PROBLEM REQUIREMENTS:
Print the whole listing again exactly, keeping no pictures in it.

DATA:
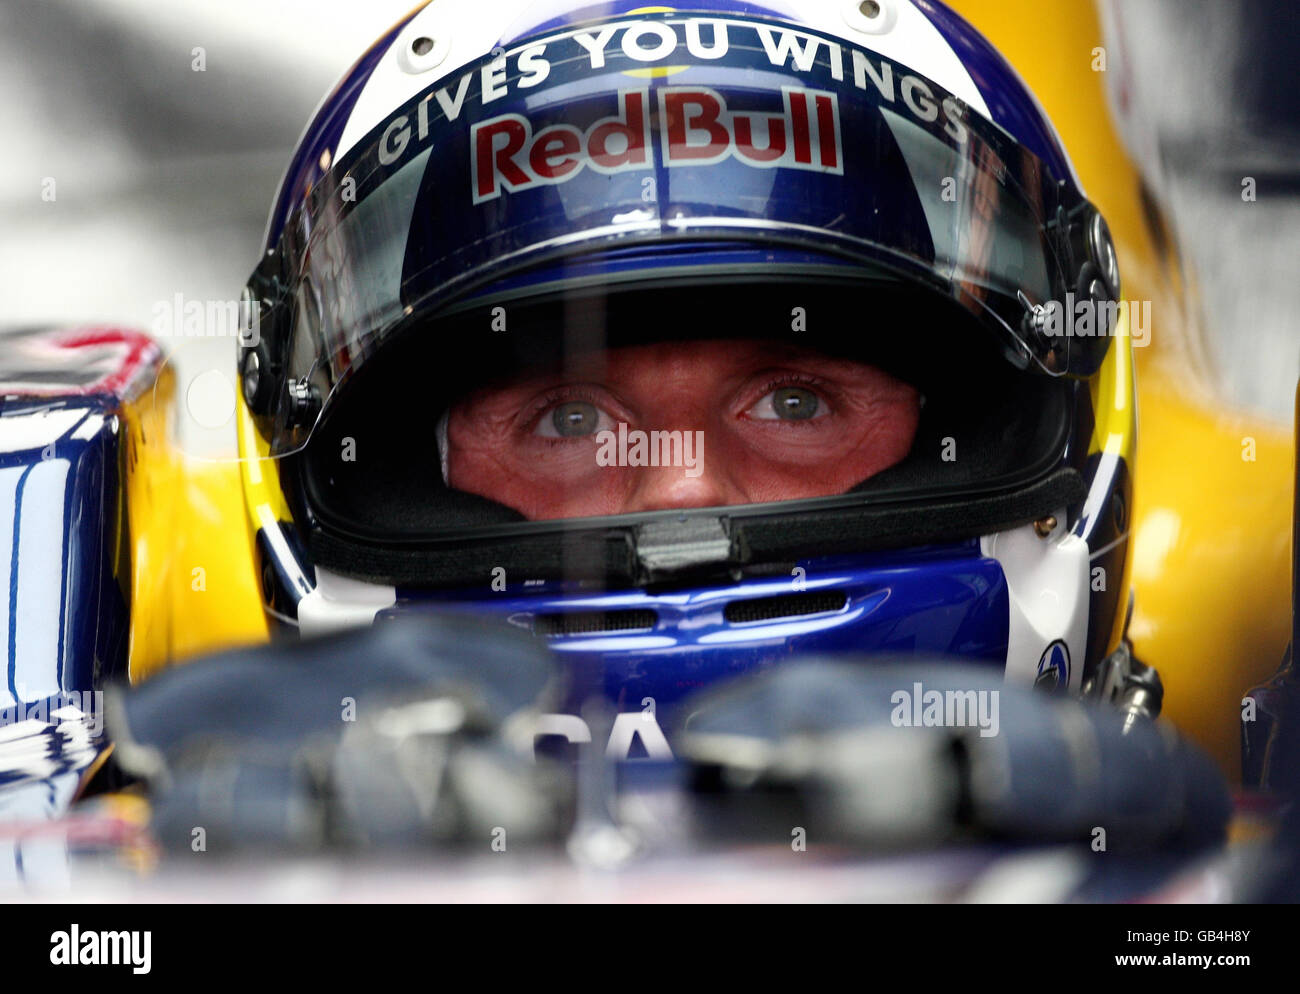 David Coulthard, en Grande-Bretagne, est assis dans sa voiture lors d'une séance d'entraînement à Monza, en Italie. Banque D'Images
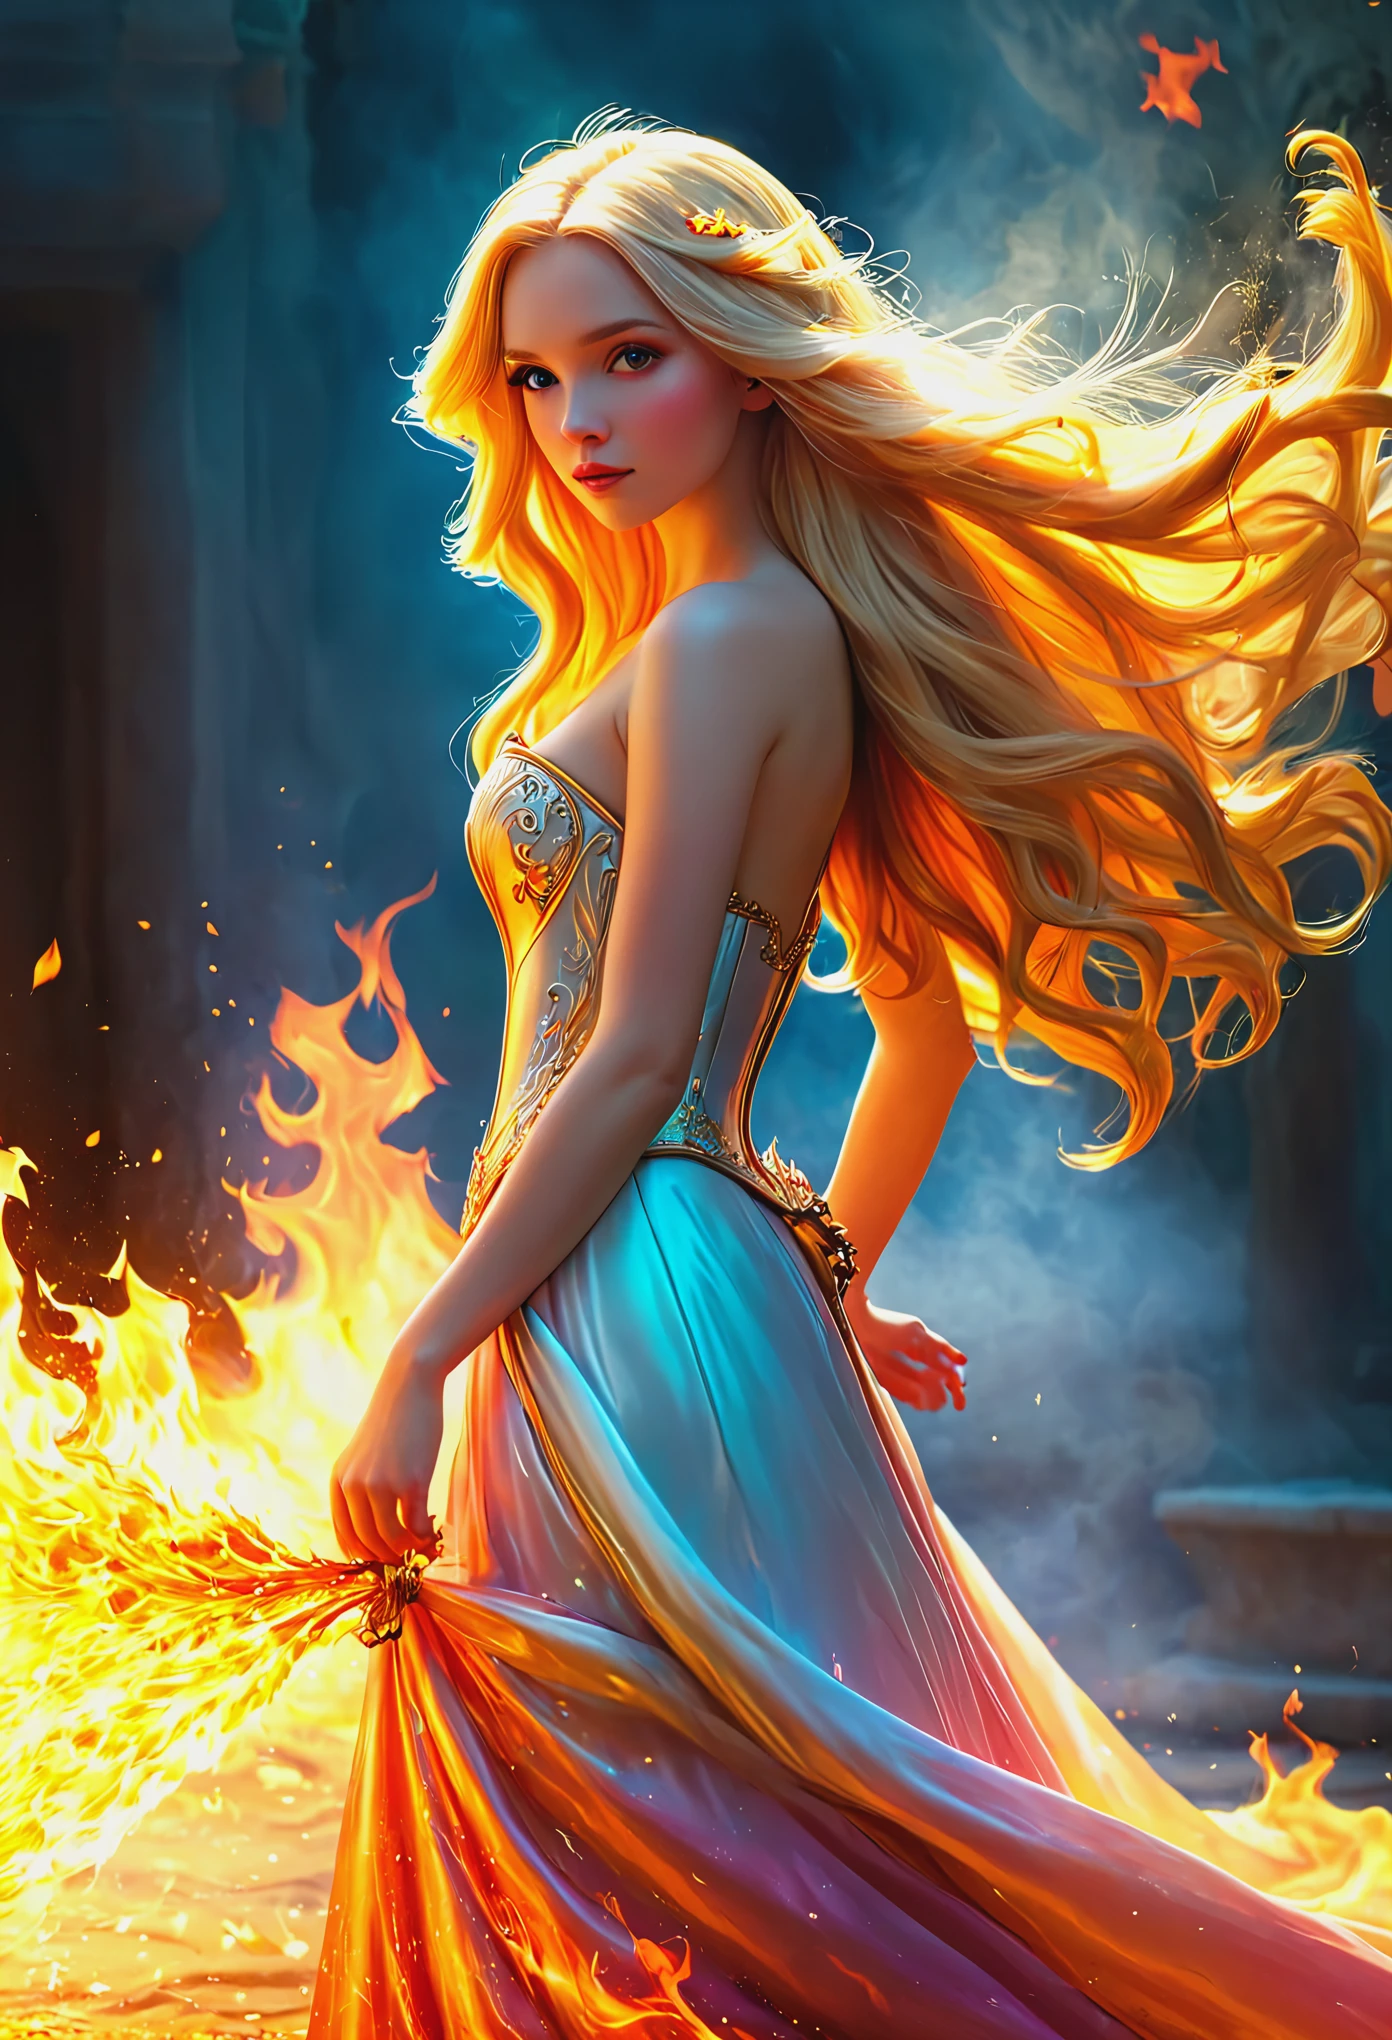 불에 휩싸인 공주 의상을 입은 긴 머리의 금발
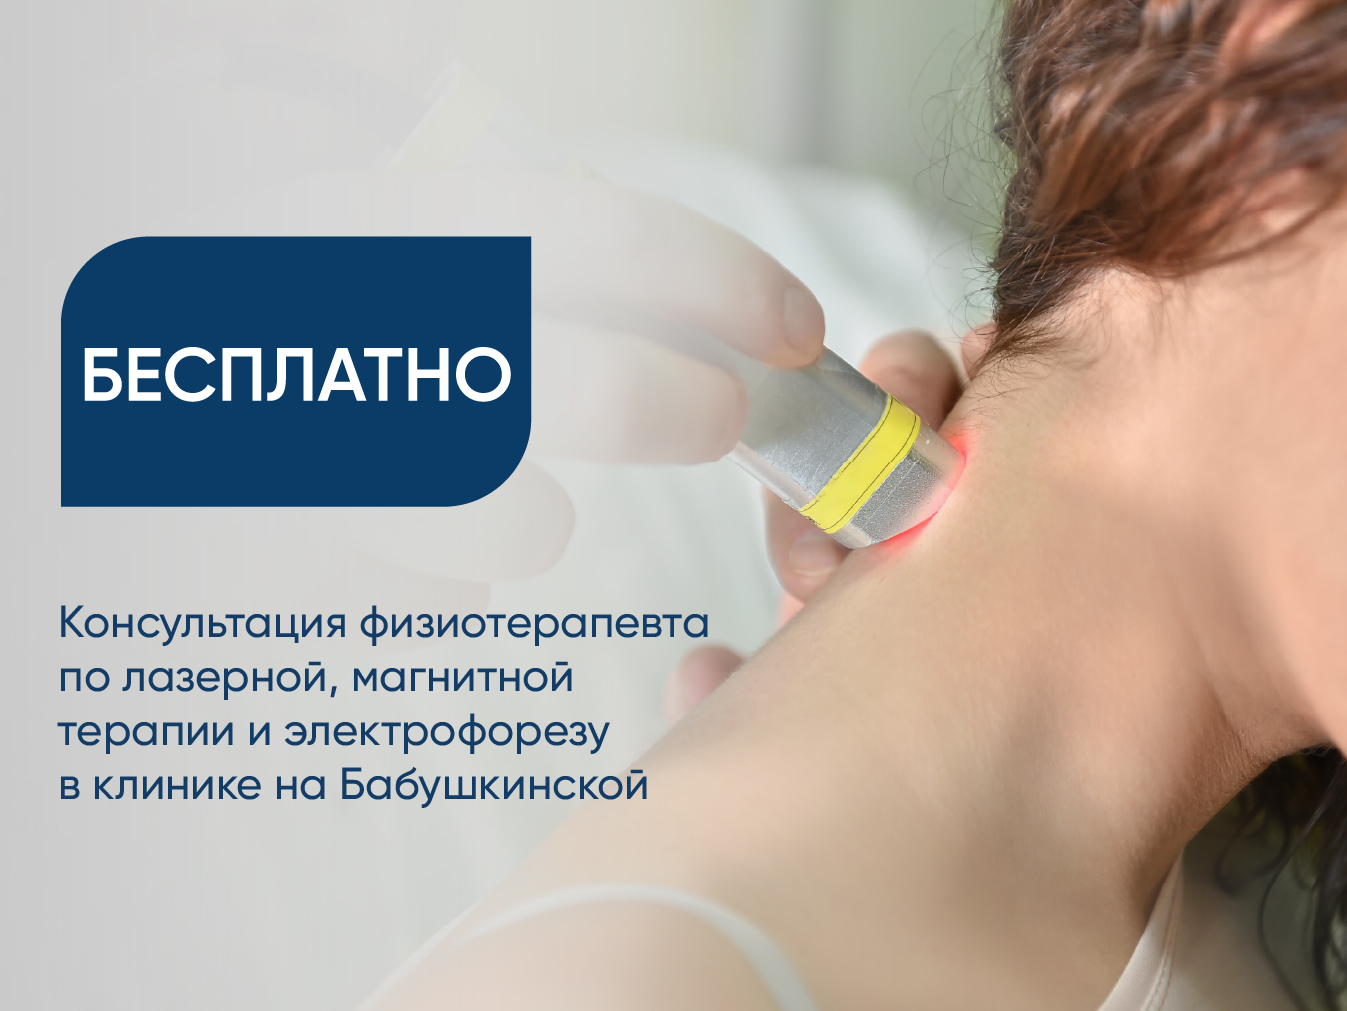 Бесплатная консультация физиотерапевта по лазерной, магнитной терапии и электрофорезу в клинике на Бабушкинской

RESPONSE:
 David Coulthard, en Grande-Bretagne, est assis dans sa voiture lors d'une séance d'entraînement à Monza, en Italie. Banque D'Images
 불에 휩싸인 공주 의상을 입은 긴 머리의 금발
 Бесплатная консультация физиотерапевта по лазерной, магнитной терапии и электрофорезу в клинике на Бабушкинской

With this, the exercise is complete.